From b7994bc16b1b1743b0743860b4f02ac4da8245d5 Mon Sep 17 00:00:00 2001
From: Matthew Roeschke <10647082+mroeschke@users.noreply.github.com>
Date: Thu, 3 Aug 2023 07:54:33 -1000
Subject: [PATCH 5/5] Raise NotImplementedError for pd.SparseDtype (#13798)

Currently cuDF seems to cast `pd.SparseDtype` to it's subtype instead of maintaining the sparse data type from pandas. Since `pd.SparseDtype` is not supported in cuDF, it is better to raise and tell users to cast directly to the sparse subtype

Authors:
  - Matthew Roeschke (https://github.com/mroeschke)

Approvers:
  - Bradley Dice (https://github.com/bdice)
  - GALI PREM SAGAR (https://github.com/galipremsagar)
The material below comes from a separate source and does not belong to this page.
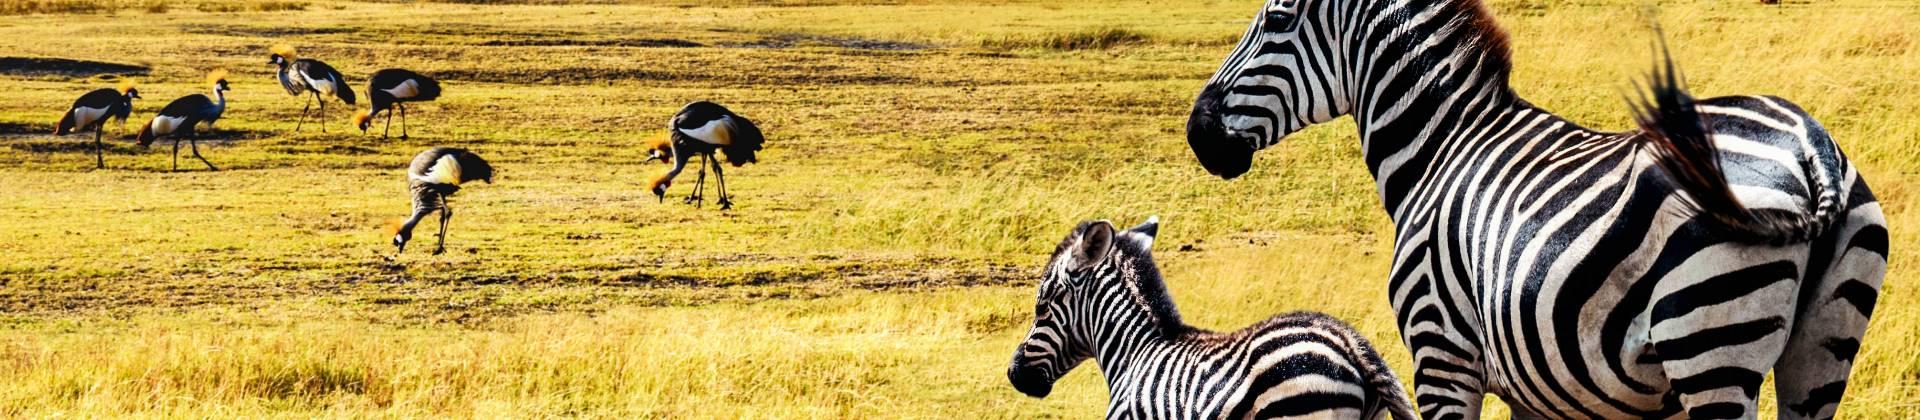 Beste Tansania Reisezeit
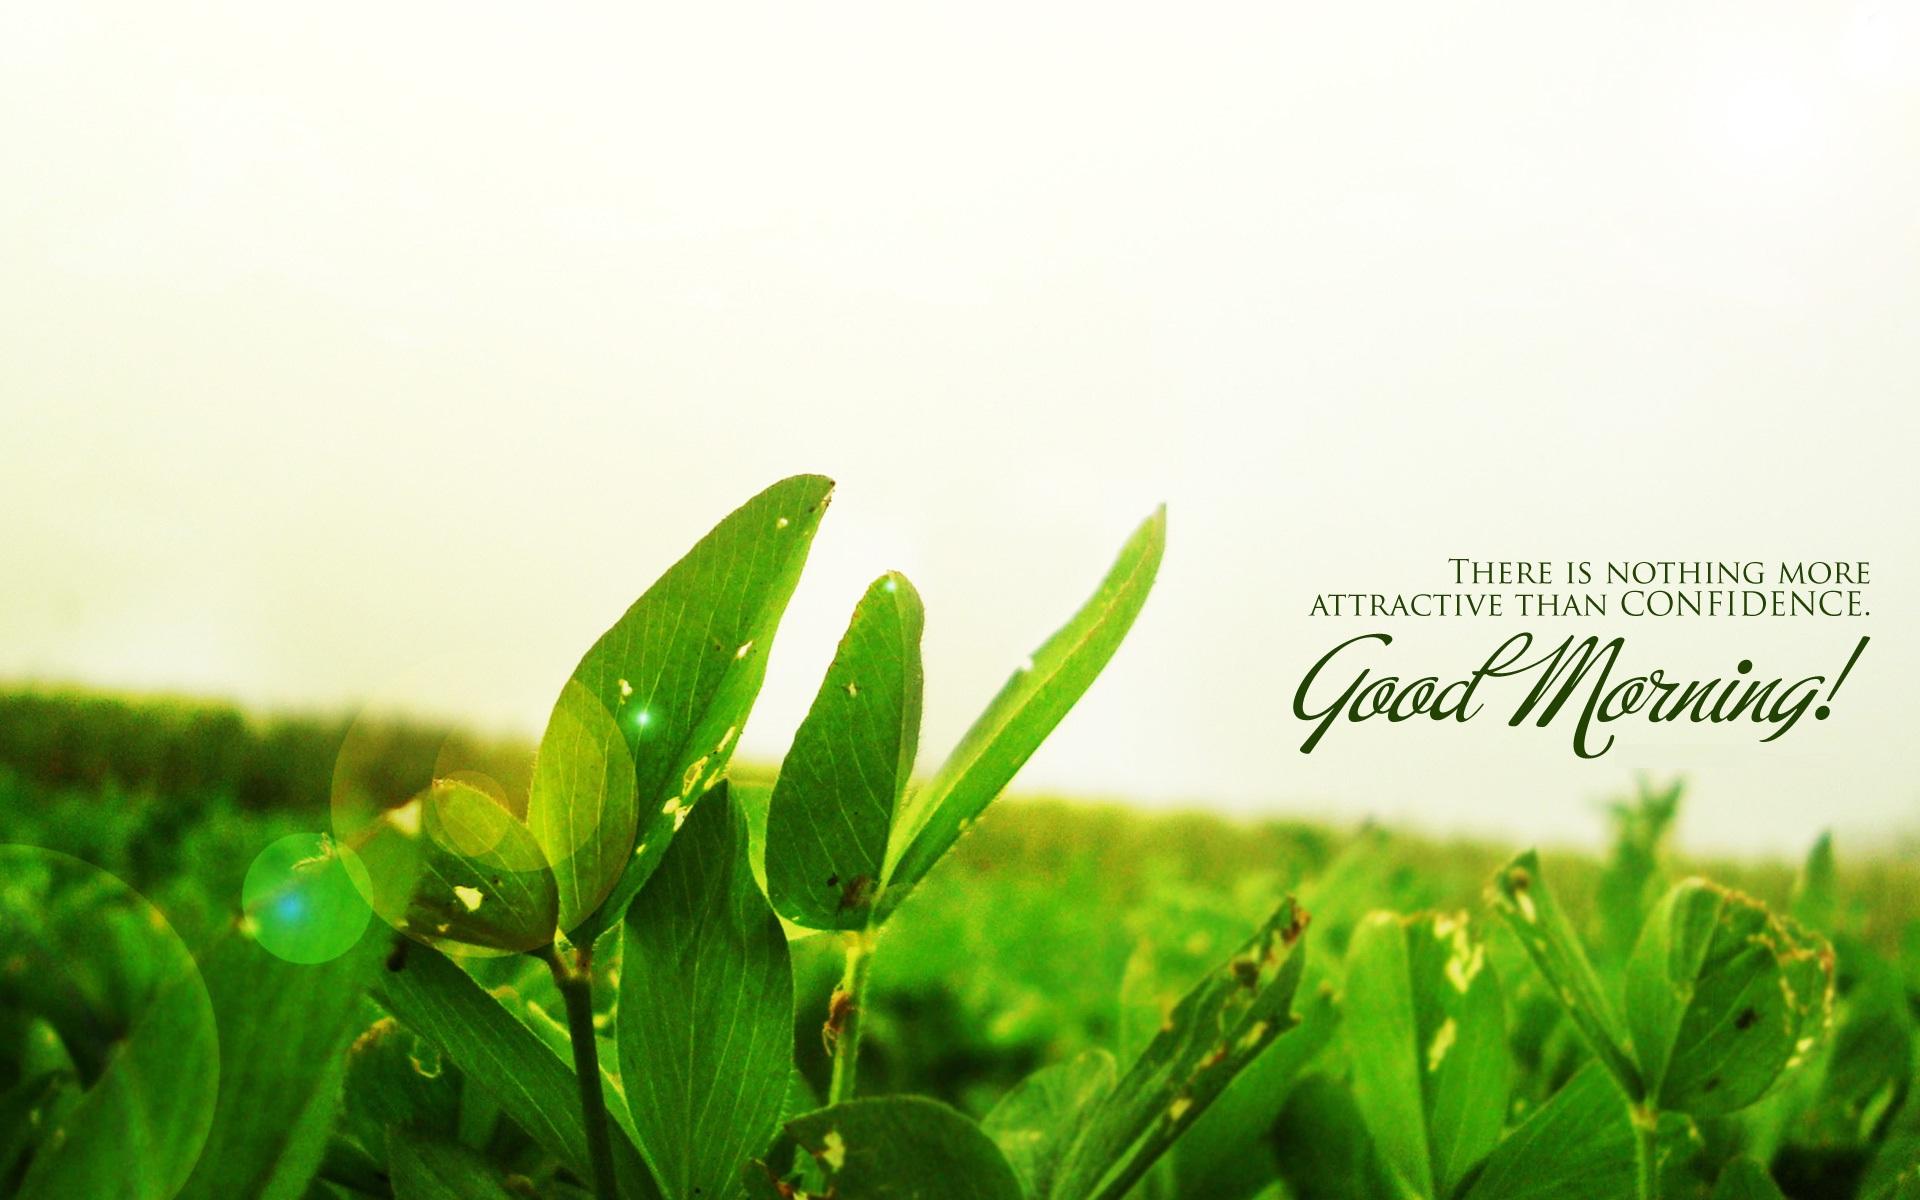 Good Morning Quotes Hd Wallpaper - Inspirational Good Morning Nature Quotes - HD Wallpaper

URL: https://github.com/rapidsai/cudf/pull/13798
---
 python/cudf/cudf/core/column/column.py   | 10 ++++++++++
 python/cudf/cudf/tests/test_dataframe.py |  6 ++++++
 python/cudf/cudf/tests/test_series.py    |  6 ++++++
 3 files changed, 22 insertions(+)

diff --git a/python/cudf/cudf/core/column/column.py b/python/cudf/cudf/core/column/column.py
index b4f3f533d44..da3d04c15c0 100644
--- a/python/cudf/cudf/core/column/column.py
+++ b/python/cudf/cudf/core/column/column.py
@@ -2010,6 +2010,11 @@ def as_column(
                 return as_column(arbitrary.array)
             elif PANDAS_GE_150 and isinstance(arbitrary.dtype, pd.ArrowDtype):
                 return as_column(pa.array(arbitrary.array, from_pandas=True))
+            elif isinstance(arbitrary.dtype, pd.SparseDtype):
+                raise NotImplementedError(
+                    f"{arbitrary.dtype} is not supported. Convert first to "
+                    f"{arbitrary.dtype.subtype}."
+                )
         if is_categorical_dtype(arbitrary):
             data = as_column(pa.array(arbitrary, from_pandas=True))
         elif is_interval_dtype(arbitrary.dtype):
@@ -2214,6 +2219,11 @@ def as_column(
             )
         if dtype is not None:
             data = data.astype(dtype)
+    elif isinstance(arbitrary, pd.arrays.SparseArray):
+        raise NotImplementedError(
+            f"{arbitrary.dtype} is not supported. Convert first to "
+            f"{arbitrary.dtype.subtype}."
+        )
     elif isinstance(arbitrary, memoryview):
         data = as_column(
             np.asarray(arbitrary), dtype=dtype, nan_as_null=nan_as_null
diff --git a/python/cudf/cudf/tests/test_dataframe.py b/python/cudf/cudf/tests/test_dataframe.py
index e35ab147bf4..0898cb2ef3d 100644
--- a/python/cudf/cudf/tests/test_dataframe.py
+++ b/python/cudf/cudf/tests/test_dataframe.py
@@ -10245,6 +10245,12 @@ def test_dataframe_init_columns_named_index():
     assert_eq(gdf, pdf)
 
 
+def test_dataframe_from_pandas_sparse():
+    pdf = pd.DataFrame(range(2), dtype=pd.SparseDtype(np.int64, 0))
+    with pytest.raises(NotImplementedError):
+        cudf.DataFrame(pdf)
+
+
 def test_dataframe_constructor_unbounded_sequence():
     class A:
         def __getitem__(self, key):
diff --git a/python/cudf/cudf/tests/test_series.py b/python/cudf/cudf/tests/test_series.py
index 83d22bbca2d..58eaebae925 100644
--- a/python/cudf/cudf/tests/test_series.py
+++ b/python/cudf/cudf/tests/test_series.py
@@ -2206,6 +2206,12 @@ def test_series_contains(data, index):
     assert_eq(False in ps, False in gs)
 
 
+def test_series_from_pandas_sparse():
+    pser = pd.Series(range(2), dtype=pd.SparseDtype(np.int64, 0))
+    with pytest.raises(NotImplementedError):
+        cudf.Series(pser)
+
+
 def test_series_constructor_unbounded_sequence():
     class A:
         def __getitem__(self, key):